The Authors of the OE
Lawrence M. Lipin is professor of history at Pacific University in Forest Grove, Oregon. He has published two books, Producers, Proletarians, and Politicians: Workers and Party Politics in Evansville and New Albany, Indiana, 1854-87 (University of Illinois Press, 1994) and Workers and the Wild: Conservation, Consumerism, and Labor in Oregon, 1910-30 (University of Illinois Press, 2007), and articles on manhood and class conflict, craft dilution and the anti-Chinese movement, and progressive era politics in Oregon. He is currently working on Henry George, the single tax, and the meaning of "nature" in New York City politics.
Meryl Lipman holds a Masters in writing from PSU. She works as community relations manager for Portland Community College and has written freelance for local and national publications. In her spare time she mentors young women with eating disorders and she loves to walk, hike, read and jump out of airplanes.
David J. Loftus was born in Eugene, the oldest son of Donald and Mitzi Loftus. He graduated from Marshfield High School in Coos Bay, and from Harvard College with a bachelor’s in English. Loftus was a reporter for the Roseburg News-Review for three years, and is the author of three books. Currently he is an actor and free-lance writer in Portland, where he lives with his wife, Carole Barkley.
Mitzi Loftus was born in Hood River of immigrant parents from Japan (father, 1904; mother, 1911). She graduated from Hood River High School and received B.A. and M.A. degrees from University of Oregon. She taught for three years at Creswell High School before attending the English Language Institute at the University of Michigan to prepare for a Fulbright Teacher year in Japan in 1957-1958. Loftus lived for fourteen years in Eugene and in Germany for two years. After returning from Europe, she lived in Coos Bay for over thirty years, substitute teaching for all but one. She moved to Ashland in 2004.
Glen A. Love is professor of English, emeritus, at the University of Oregon, where he taught from 1965 to 2000. He is the author of critical books and articles on American literature, emphasizing western, northwestern, and environmental topics. He is former president of the Western Literature Association and the Pacific Northwest American Studies Association and has twice been a Fulbright visiting professor in Europe. An early proponent of the study of literature and environment, he and his biologist wife, Rhoda, published the first anthology on modern environmental issues in 1970. His latest work is Practical Ecocriticism: Literature, Biology, and the Environment (2003).

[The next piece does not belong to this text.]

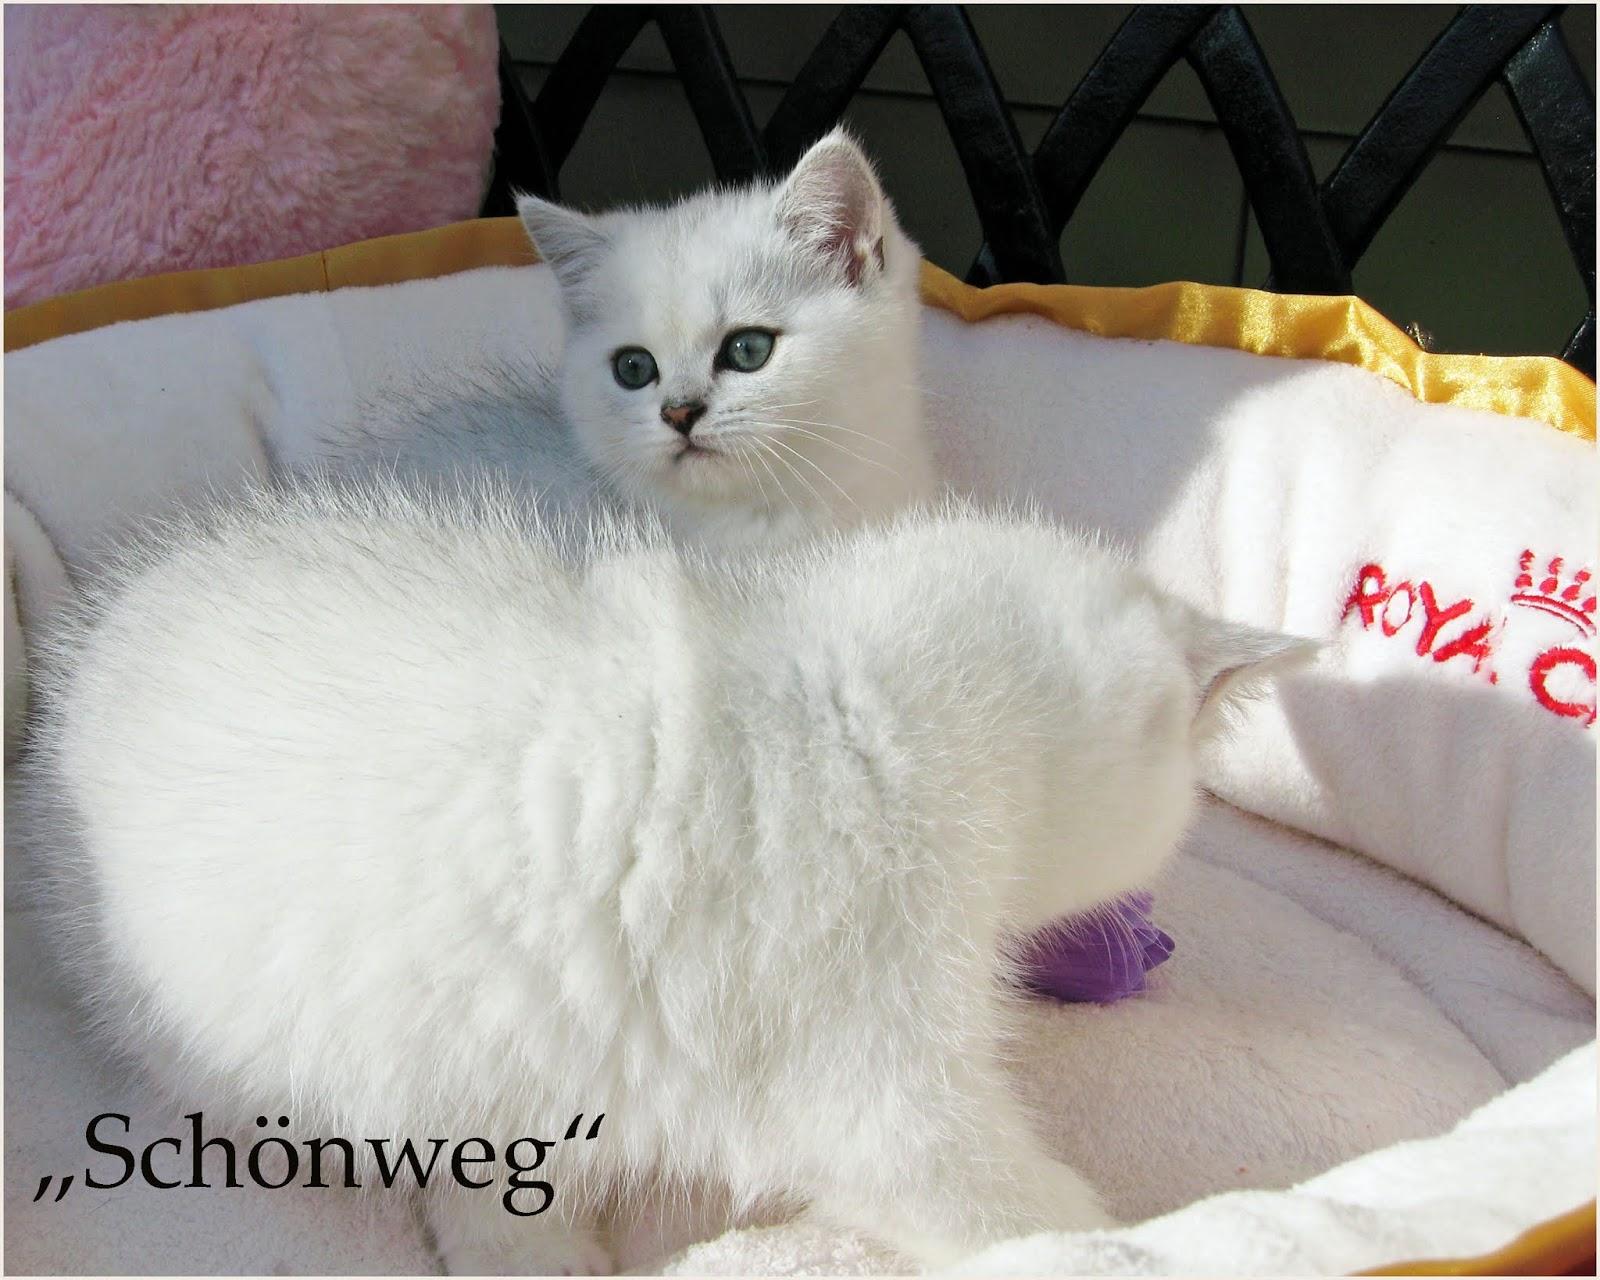 Schoenweg Chinchilla Cats Cattery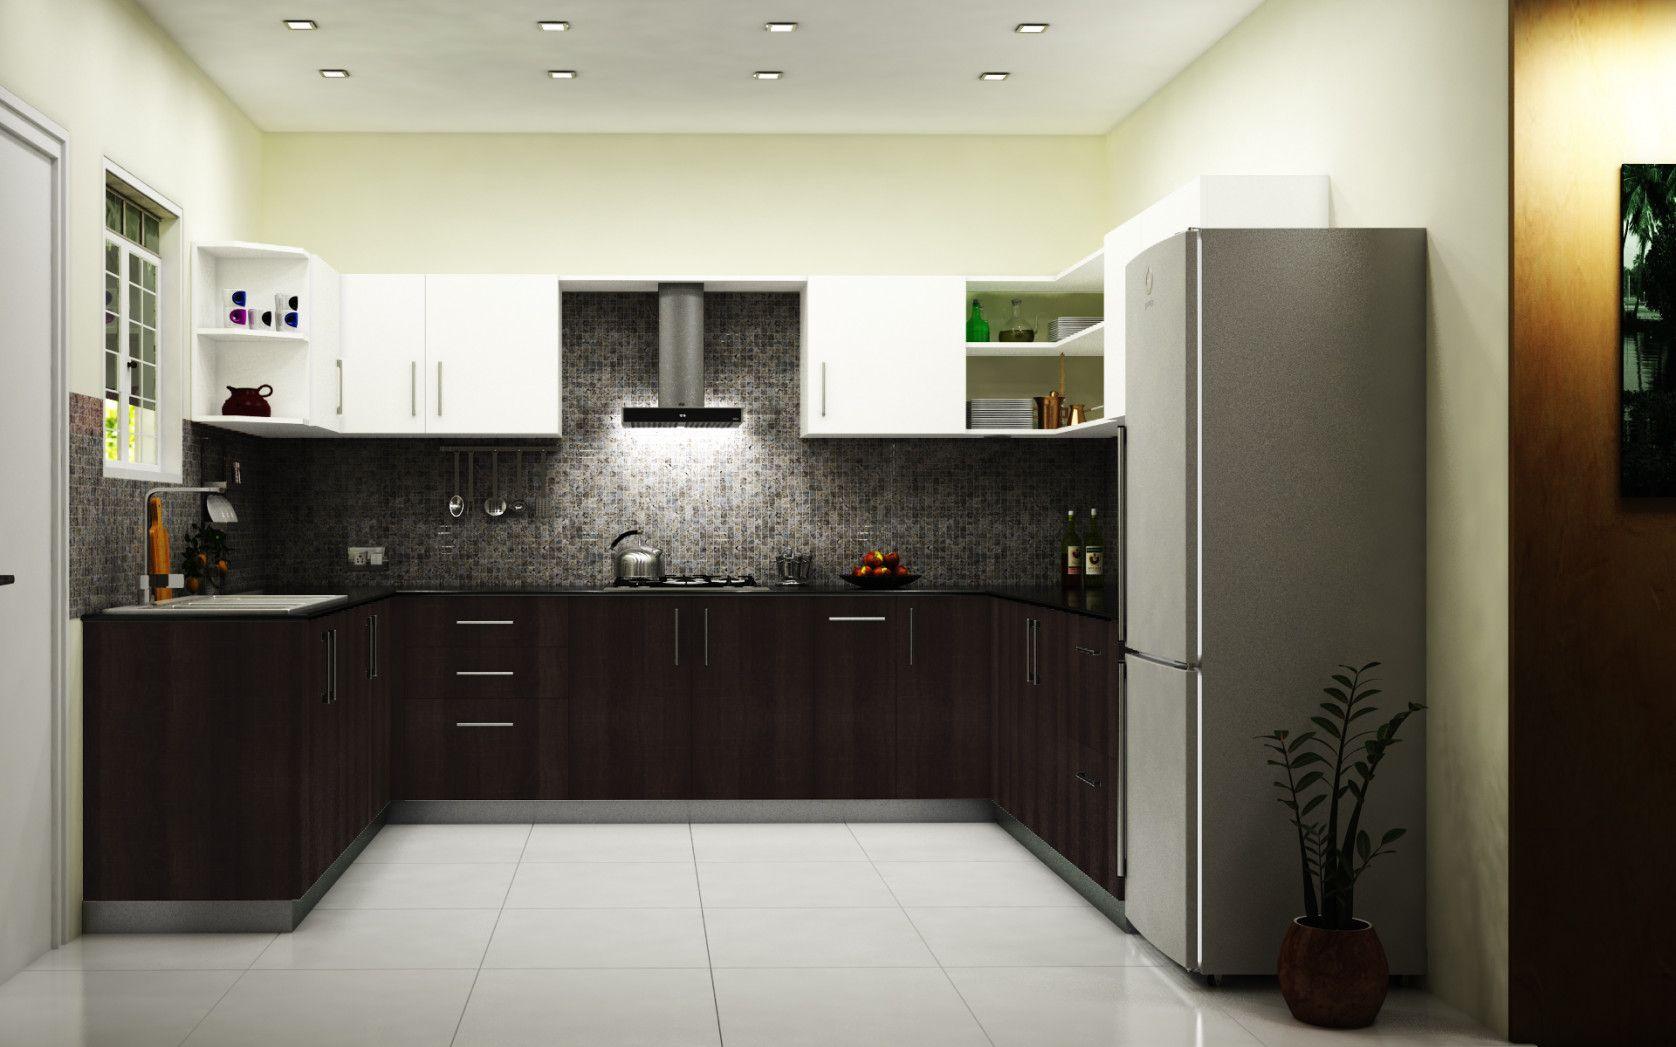 70 Modular Kitchen Cabinets India Apartment Kitchen Cabinet Ideas Check More At Modular Kitchen Design Interior Design Kitchen Small Interior Design Kitchen

Rhoda Love was one of the first botany instructors at Lane Community College. She taught biology and botany there from 1966-1975 and 1986-1995. The Rowe-Love Herbarium was named in her honor in 2004.
David Lunde is the manager of the bookstore/gift shop at the Interpretive Center of the South Slough National Estuarine Research Reserve and a member of the board of directors of Friends of the South Slough. He is a poet and translator whose work has been widely published in magazines and anthologies. He is the author of Blues for Port City (1995), Heart Transplants & Other Misappropriations (1996), Nightfishing in Great Sky River (1999), and Instead (2007) and is the translator of The Carving of Insects (with Mary M.Y. Fung, 2006), which won the 2007 PEN USA Translation Award, and Breaking the Willow (2008).
Gordon R. Lyford received a bachelor’s degree in engineering of agricultural systems in 1975 from Arizona State University and a master’s degree in irrigation and drainage in 1981 from the University of California at Davis. He is a registered agricultural engineer in Oregon and California and a certified water right examiner in Oregon. He retired in 2006 after working for the U.S. Department of the Interior for thirty-one years. Currently, he is an associate director of the Illinois Valley Soil and Water Conservation District and Watershed Council. He lives in O'Brien.
Barbara Mahoney is a historian and biographer. In 2003, she won an Oregon Book Award for Dispatches and Dictators: Ralph Barnes for the Herald Tribune, a biography of Oregon native Ralph Barnes, European correspondent for the New York Herald Tribune during the 1920s and 1930s.
Tim Mahoney, a physician by profession, has a longtime interest in classical music, which led to his service on the boards of the Oregon Symphony in Salem and of the Oregon Symphony in Portland. He was a member of the search committee that recruited James DePreist to be the music director of the Oregon Symphony.